> _Directions_: Repeat the listing exactly. The images do not belong in the copy.

> _Supplied information_:
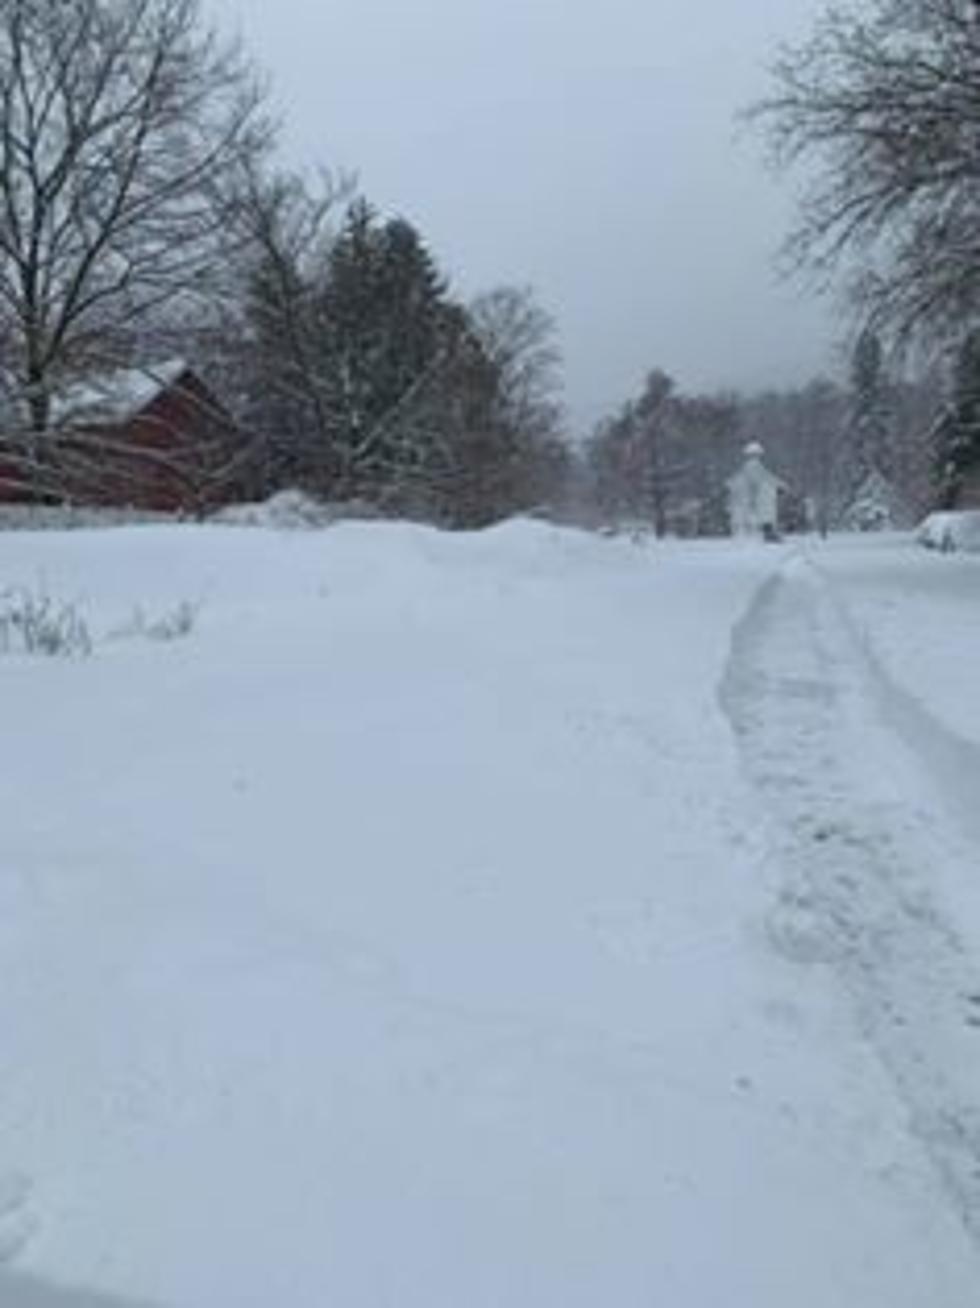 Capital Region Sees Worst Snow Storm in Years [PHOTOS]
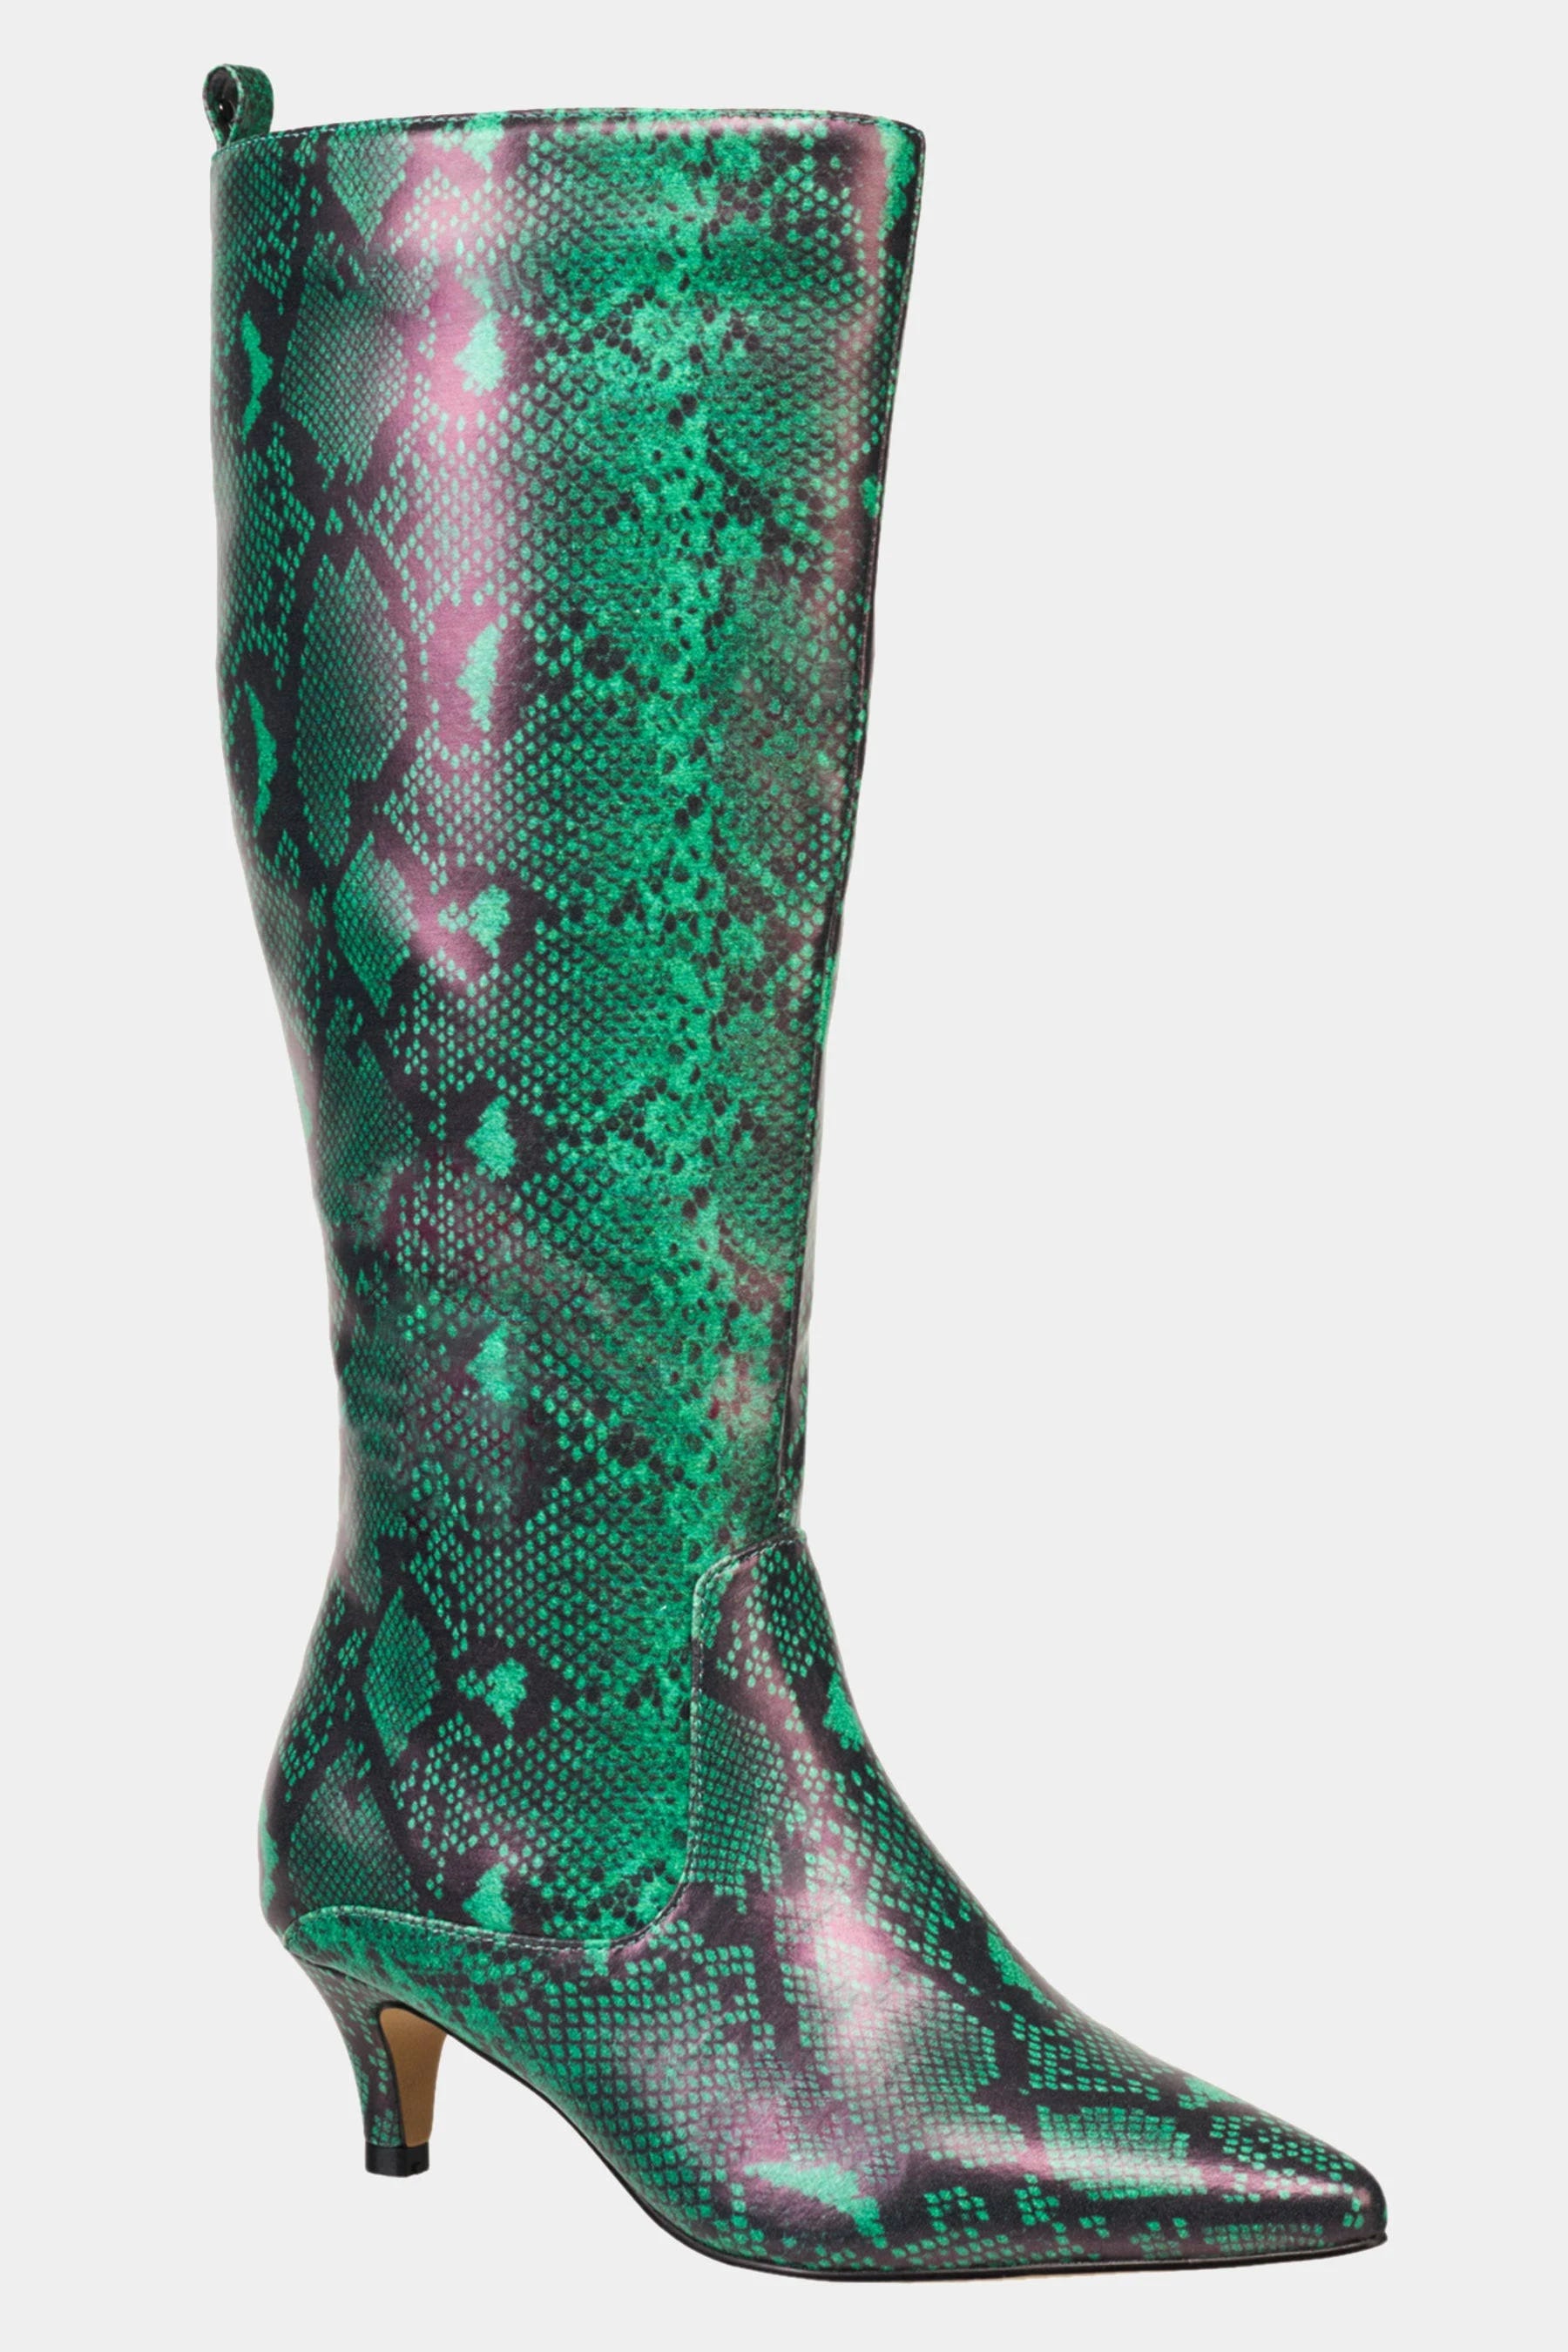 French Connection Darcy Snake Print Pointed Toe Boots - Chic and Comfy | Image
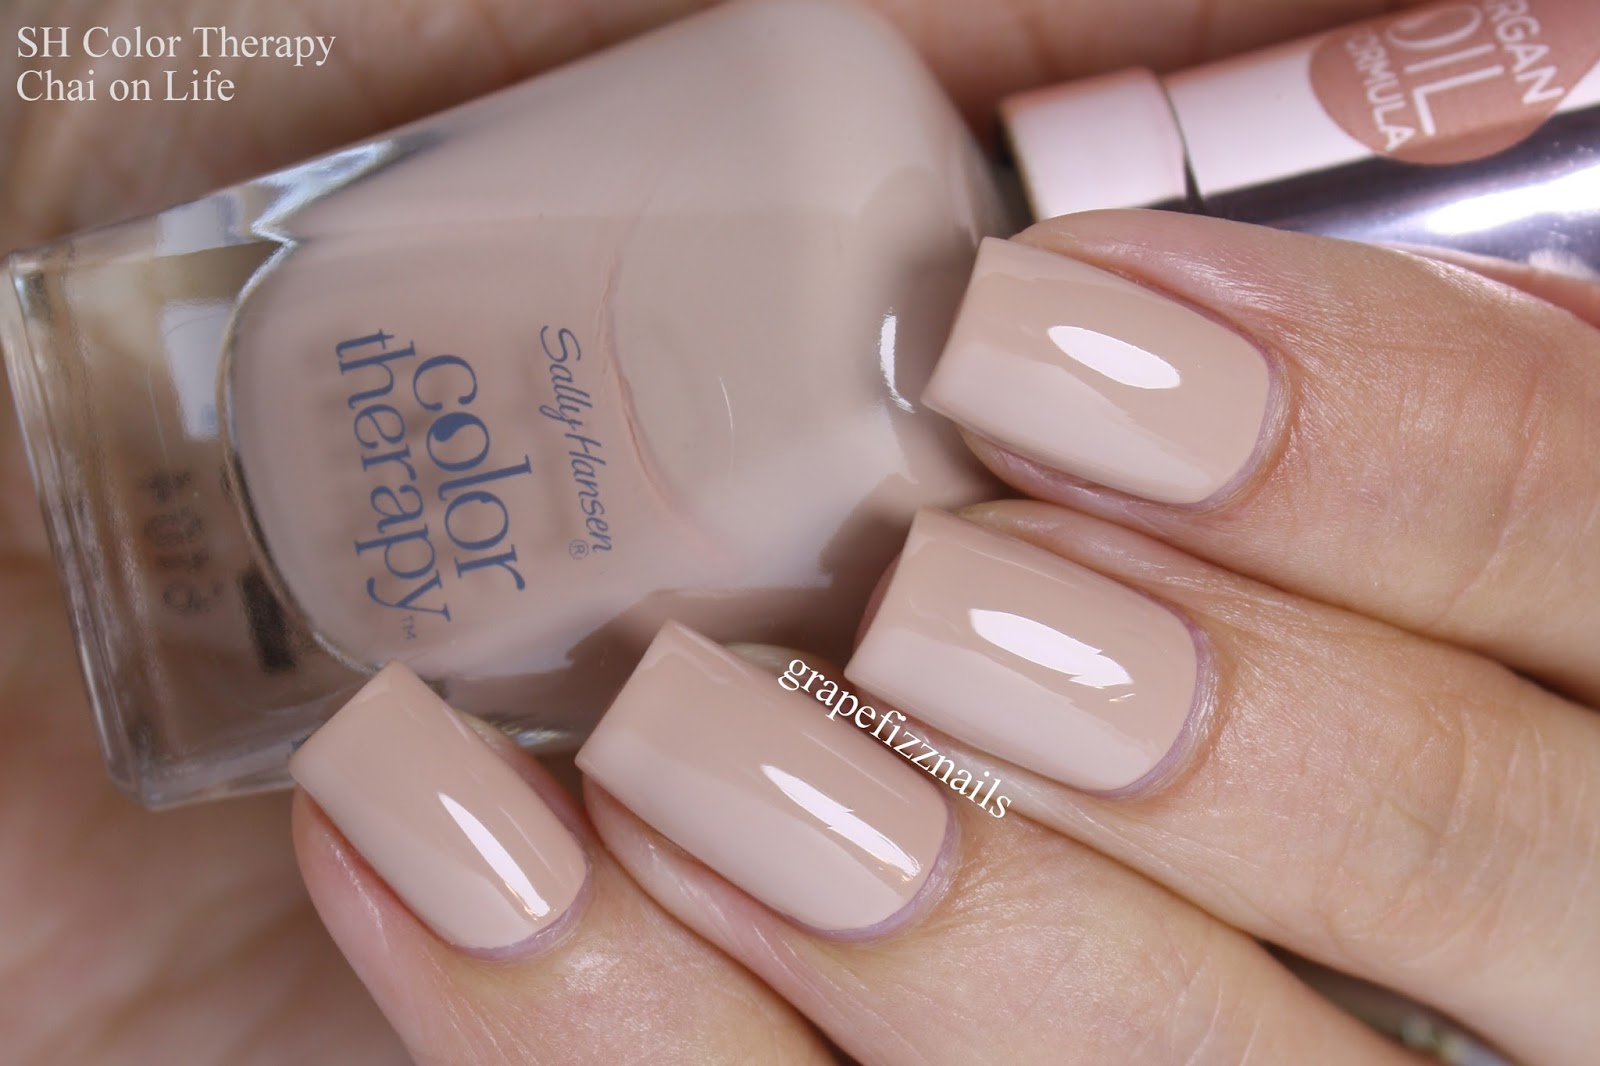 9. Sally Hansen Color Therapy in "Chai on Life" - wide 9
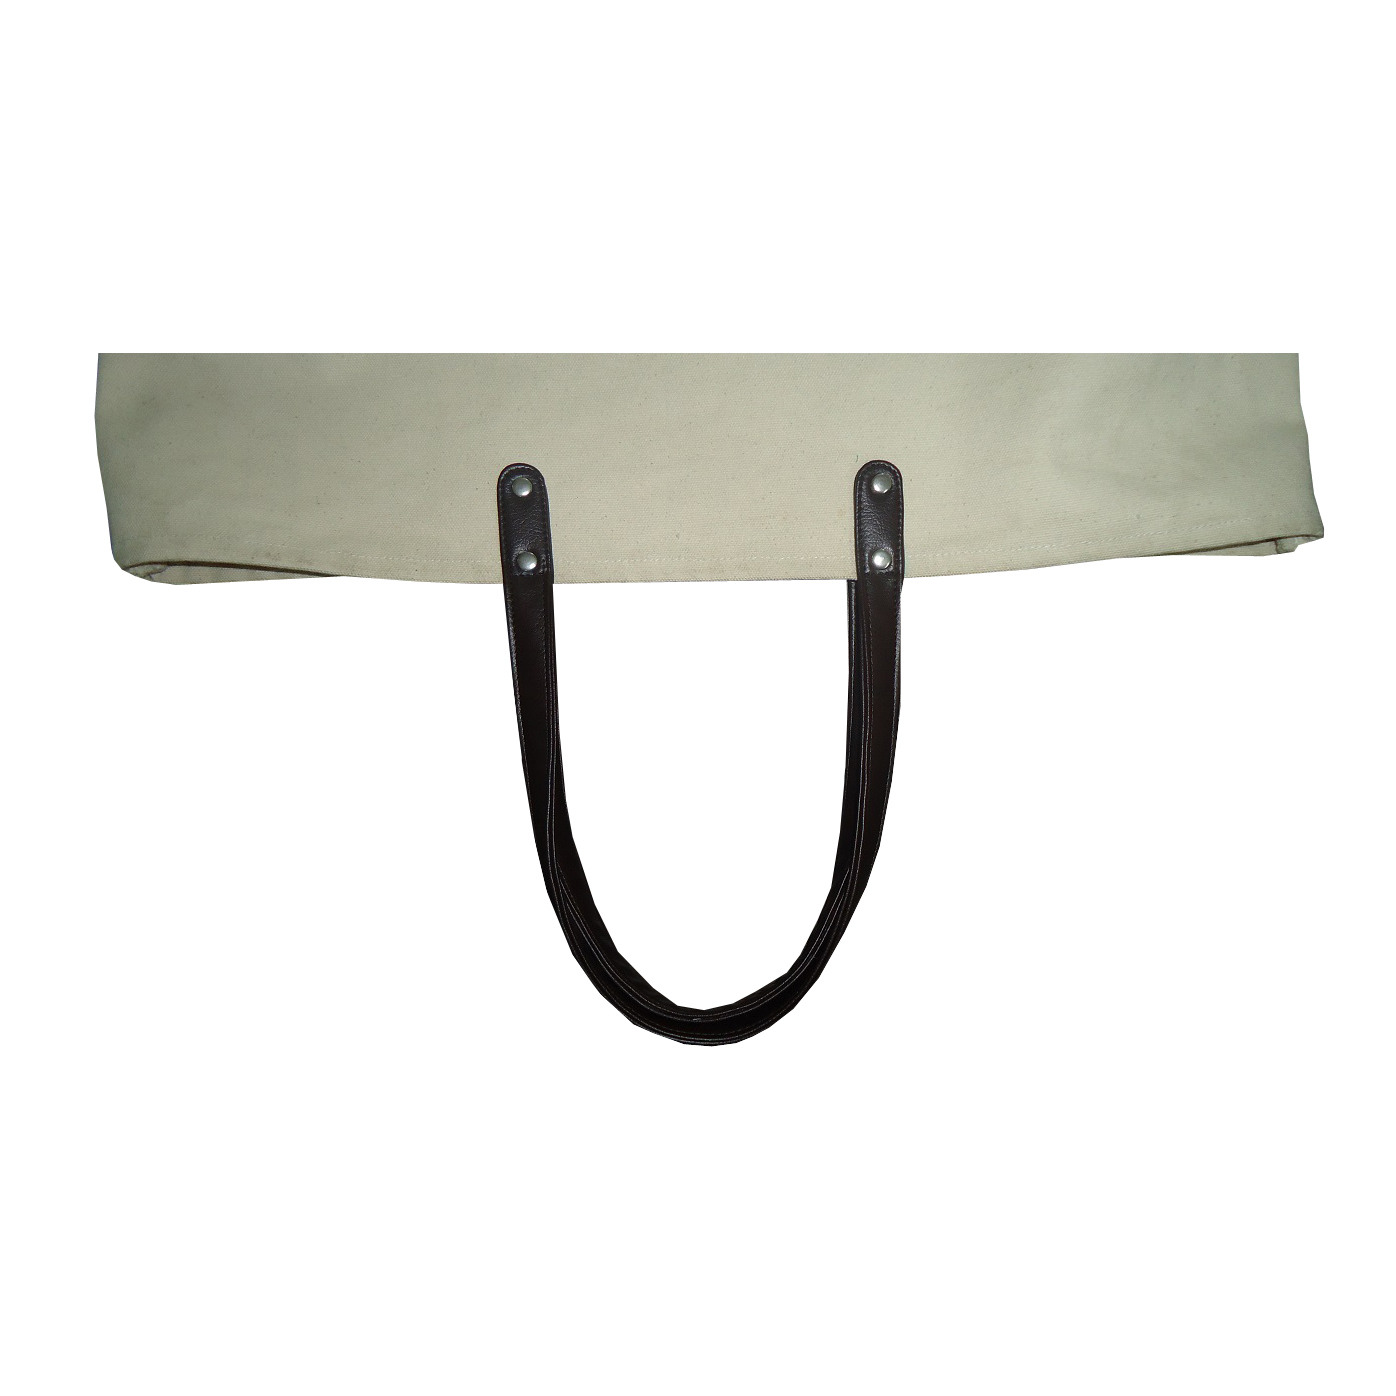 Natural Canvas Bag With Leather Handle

> _Task answer_:
 Capital Region Sees Worst Snow Storm in Years [PHOTOS]
 French Connection Darcy Snake Print Pointed Toe Boots - Chic and Comfy | Image
 9. Sally Hansen Color Therapy in "Chai on Life" - wide 9
 Natural Canvas Bag With Leather Handle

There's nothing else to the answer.